A acção humana a sua natureza e as suas condicionantes
1. UNIDADE 2 – A ACÇÃO E OS VALORES
Capítulo 1 – A acção humana – Análise e
compreensão do agir.
2. A acção humana
O QUE É UMA ACÇÃO? QUE CARACTERÍSTICAS
DEVE TER UMA COISA PARA SER
CONSIDERADA UMA ACÇÃO.
3. A acção humana
Uma ação tem de ser um acontecimento.
Um acontecimento é algo que se verifica num certo momento
e num certo lugar. Em linguagem mais técnica, é um evento
espacio – temporalmente enquadrado. Imaginemos que o João
decide ir à praia. Tem de ir a uma praia situada num certo lugar
– Vilamoura no Algarve, Portinho da Arrábida em Setúbal ou
Praia do Castelo na Costa da Caparica – e num determinado
momento - normalmente no Verão, de manhã ou de tarde.
Ficaríamos muito surpreendidos se João dissesse que foi a uma
praia em momento algum e que não ficasse em lado nenhum.
4. A acção humana
1 – Uma acção é um acontecimento mas nem todos os
acontecimentos são acções.
Todas as acções são acontecimentos, ou seja, são
coisas que acontecem num dado momento e num
certo lugar. Assim, ir à praia é um acontecimento
porque vamos a uma praia num determinado local e
em dado momento – normalmente no Verão, de
manhã ou de tarde. Mas nem tudo o que acontece é
uma acção, ou seja, se todas as acções são
acontecimentos nem todos os acontecimentos são
acções. Um furacão é um acontecimento, mas não é
uma acção.
5. A acção humana
2 - Uma acção é algo que envolve um agente mas
nem tudo o que envolve um agente é uma
acção.
O que distingue a proposição João foi à praia da
proposição João sofreu um ataque cardíaco? A
primeira proposição fala-nos de algo que
alguém fez. A segunda de algo que
simplesmente aconteceu a alguém. Uma acção é
um acontecimento que envolve um agente (o
sujeito de uma acção).
6. A acção humana
3 – Uma acção é algo que um agente faz acontecer mas
nem tudo o que fazemos é uma acção.
Uma acção é algo que acontece por iniciativa do sujeito
nela envolvido. Ir à praia é algo que João faz
acontecer, mesmo que não o deseje (é de má vontade
que obedece á ordem do pai para se juntar à família).

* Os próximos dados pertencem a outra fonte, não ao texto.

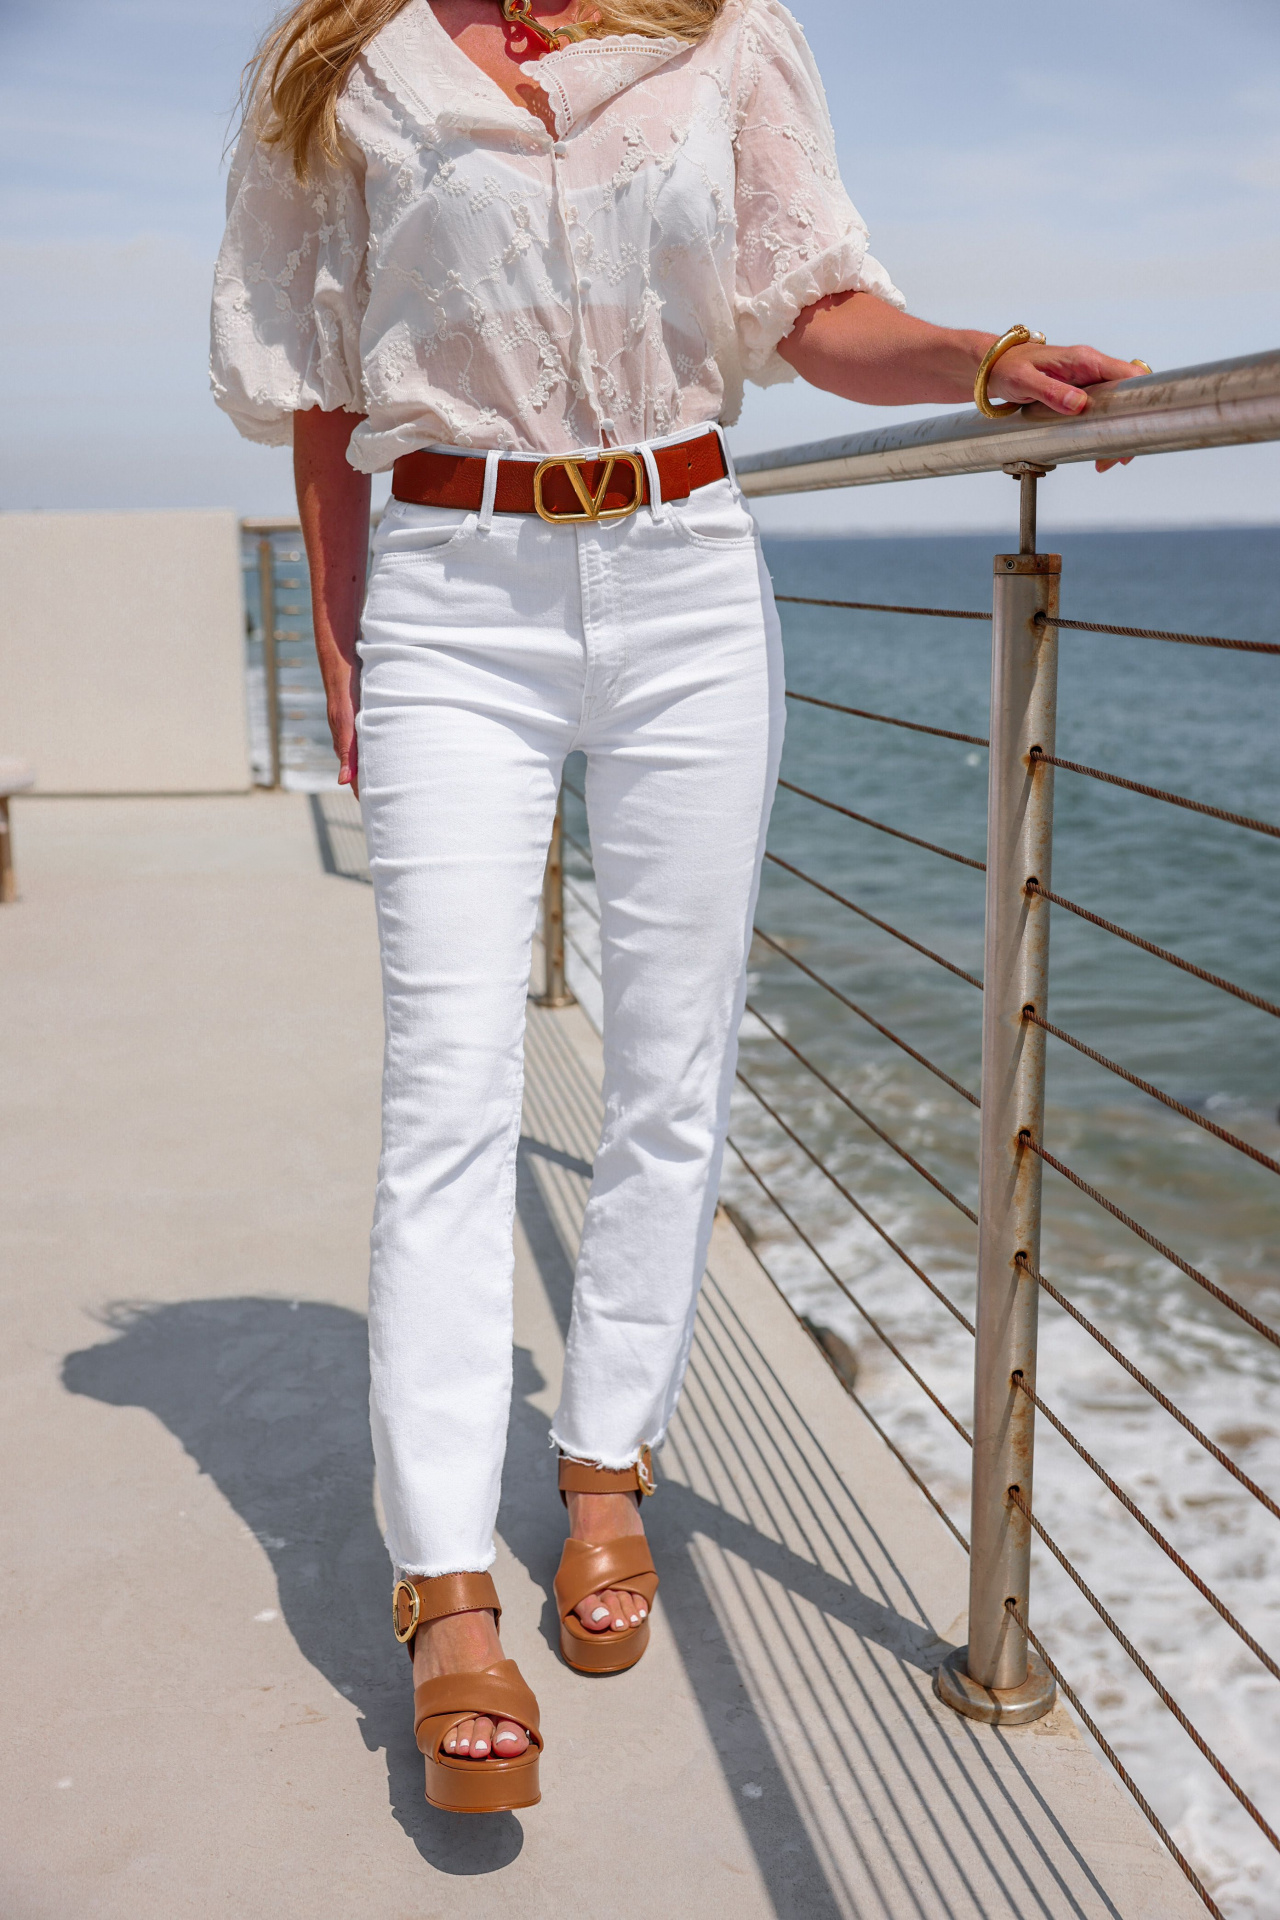 How to wear white jeans, high waisted white jeans, how to wear white jeans in summer, white jeans for women, what to wear with white jeans, erin busbee, busbee style, fashion over 40, malibu, california, white maje coiso embroidered cotton blouse, white mother hustler jeans, see by chloe platform heels, saint laurent square sunglasses, paco rabbane chunky gold necklace, dean davidson hoops

Sofrer um ataque cardíaco é algo que acontece no
organismo do João, mas não resulta de vontade sua.
No primeiro caso, não diremos que João foi à praia
por vontade do pai. Foi algo que ele fez. Seja qual for
o motivo, por gosto ou por obrigação, ir à praia foi
algo que ele fez.
7. A acção humana
4 – Uma acção é algo que intencionalmente fazemos
com que aconteça
Imaginemos que, inadvertidamente, escorrego numa
casca de banana e acabo por entornar uma garrafa de
Coca-Cola em cima do livro de um colega que
estudava comigo no bar da escola. Sujar o livro do
colega foi algo que eu fiz. Mas será isto uma acção?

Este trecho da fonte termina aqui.